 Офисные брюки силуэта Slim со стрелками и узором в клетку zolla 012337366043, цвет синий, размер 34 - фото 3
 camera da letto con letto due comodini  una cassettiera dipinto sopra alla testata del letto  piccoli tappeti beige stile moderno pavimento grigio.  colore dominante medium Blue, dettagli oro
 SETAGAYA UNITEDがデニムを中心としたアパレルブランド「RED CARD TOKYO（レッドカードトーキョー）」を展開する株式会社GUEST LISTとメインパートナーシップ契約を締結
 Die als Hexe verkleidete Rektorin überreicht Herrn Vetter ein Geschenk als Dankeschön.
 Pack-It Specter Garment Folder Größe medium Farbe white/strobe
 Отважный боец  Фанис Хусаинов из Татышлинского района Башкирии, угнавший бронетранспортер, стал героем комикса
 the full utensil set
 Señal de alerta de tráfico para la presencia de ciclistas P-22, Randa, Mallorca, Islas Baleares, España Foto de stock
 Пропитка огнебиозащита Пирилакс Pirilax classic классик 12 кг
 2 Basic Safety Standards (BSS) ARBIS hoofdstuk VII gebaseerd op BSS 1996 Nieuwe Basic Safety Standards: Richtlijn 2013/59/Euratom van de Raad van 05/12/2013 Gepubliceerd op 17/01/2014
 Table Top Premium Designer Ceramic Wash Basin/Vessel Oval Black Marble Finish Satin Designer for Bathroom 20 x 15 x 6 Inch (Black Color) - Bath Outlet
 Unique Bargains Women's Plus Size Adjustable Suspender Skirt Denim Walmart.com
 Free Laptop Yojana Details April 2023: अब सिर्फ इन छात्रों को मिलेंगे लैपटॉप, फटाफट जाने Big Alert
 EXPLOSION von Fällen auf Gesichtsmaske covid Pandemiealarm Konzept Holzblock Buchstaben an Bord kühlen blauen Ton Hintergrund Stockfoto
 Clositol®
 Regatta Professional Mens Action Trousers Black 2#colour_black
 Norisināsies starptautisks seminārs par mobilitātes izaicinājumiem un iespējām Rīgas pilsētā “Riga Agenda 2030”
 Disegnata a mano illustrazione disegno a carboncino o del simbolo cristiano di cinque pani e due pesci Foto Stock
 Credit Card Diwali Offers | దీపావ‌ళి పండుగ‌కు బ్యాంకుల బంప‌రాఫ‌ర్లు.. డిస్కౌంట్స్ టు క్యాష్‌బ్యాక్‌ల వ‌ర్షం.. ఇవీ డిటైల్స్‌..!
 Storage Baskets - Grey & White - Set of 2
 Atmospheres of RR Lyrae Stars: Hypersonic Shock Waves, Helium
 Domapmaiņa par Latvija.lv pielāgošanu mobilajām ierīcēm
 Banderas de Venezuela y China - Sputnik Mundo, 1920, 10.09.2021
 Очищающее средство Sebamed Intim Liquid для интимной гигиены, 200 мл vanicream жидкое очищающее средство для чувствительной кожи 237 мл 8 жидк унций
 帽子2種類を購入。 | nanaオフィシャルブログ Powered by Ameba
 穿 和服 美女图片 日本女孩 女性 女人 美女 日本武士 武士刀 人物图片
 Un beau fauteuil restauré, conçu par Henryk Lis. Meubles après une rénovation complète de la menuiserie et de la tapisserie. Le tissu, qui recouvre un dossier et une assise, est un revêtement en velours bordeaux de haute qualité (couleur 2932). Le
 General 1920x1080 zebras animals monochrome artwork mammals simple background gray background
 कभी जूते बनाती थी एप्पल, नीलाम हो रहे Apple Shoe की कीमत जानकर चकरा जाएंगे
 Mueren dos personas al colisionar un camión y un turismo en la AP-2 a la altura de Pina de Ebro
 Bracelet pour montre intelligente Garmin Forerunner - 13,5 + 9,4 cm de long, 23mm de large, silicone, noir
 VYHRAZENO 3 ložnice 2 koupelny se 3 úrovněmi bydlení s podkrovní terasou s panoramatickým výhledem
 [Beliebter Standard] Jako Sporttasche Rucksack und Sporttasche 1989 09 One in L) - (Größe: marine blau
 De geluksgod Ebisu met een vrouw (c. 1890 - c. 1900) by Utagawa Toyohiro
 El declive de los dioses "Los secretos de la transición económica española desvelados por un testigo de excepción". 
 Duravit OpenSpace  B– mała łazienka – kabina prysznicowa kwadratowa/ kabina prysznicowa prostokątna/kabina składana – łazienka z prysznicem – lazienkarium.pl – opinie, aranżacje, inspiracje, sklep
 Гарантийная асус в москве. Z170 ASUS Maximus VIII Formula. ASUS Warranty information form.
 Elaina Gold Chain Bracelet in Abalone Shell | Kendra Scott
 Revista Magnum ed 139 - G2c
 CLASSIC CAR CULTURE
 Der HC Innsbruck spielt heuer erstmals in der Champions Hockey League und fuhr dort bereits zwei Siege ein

=-=-=

WHAT YOU WILL DO
Could you reproduce, exactly, every line above from the line with "Señal de alerta" to the line with "Disegnata a mano", and no other line? Both ends count.

SOLUTION
 Señal de alerta de tráfico para la presencia de ciclistas P-22, Randa, Mallorca, Islas Baleares, España Foto de stock
 Пропитка огнебиозащита Пирилакс Pirilax classic классик 12 кг
 2 Basic Safety Standards (BSS) ARBIS hoofdstuk VII gebaseerd op BSS 1996 Nieuwe Basic Safety Standards: Richtlijn 2013/59/Euratom van de Raad van 05/12/2013 Gepubliceerd op 17/01/2014
 Table Top Premium Designer Ceramic Wash Basin/Vessel Oval Black Marble Finish Satin Designer for Bathroom 20 x 15 x 6 Inch (Black Color) - Bath Outlet
 Unique Bargains Women's Plus Size Adjustable Suspender Skirt Denim Walmart.com
 Free Laptop Yojana Details April 2023: अब सिर्फ इन छात्रों को मिलेंगे लैपटॉप, फटाफट जाने Big Alert
 EXPLOSION von Fällen auf Gesichtsmaske covid Pandemiealarm Konzept Holzblock Buchstaben an Bord kühlen blauen Ton Hintergrund Stockfoto
 Clositol®
 Regatta Professional Mens Action Trousers Black 2#colour_black
 Norisināsies starptautisks seminārs par mobilitātes izaicinājumiem un iespējām Rīgas pilsētā “Riga Agenda 2030”
 Disegnata a mano illustrazione disegno a carboncino o del simbolo cristiano di cinque pani e due pesci Foto Stock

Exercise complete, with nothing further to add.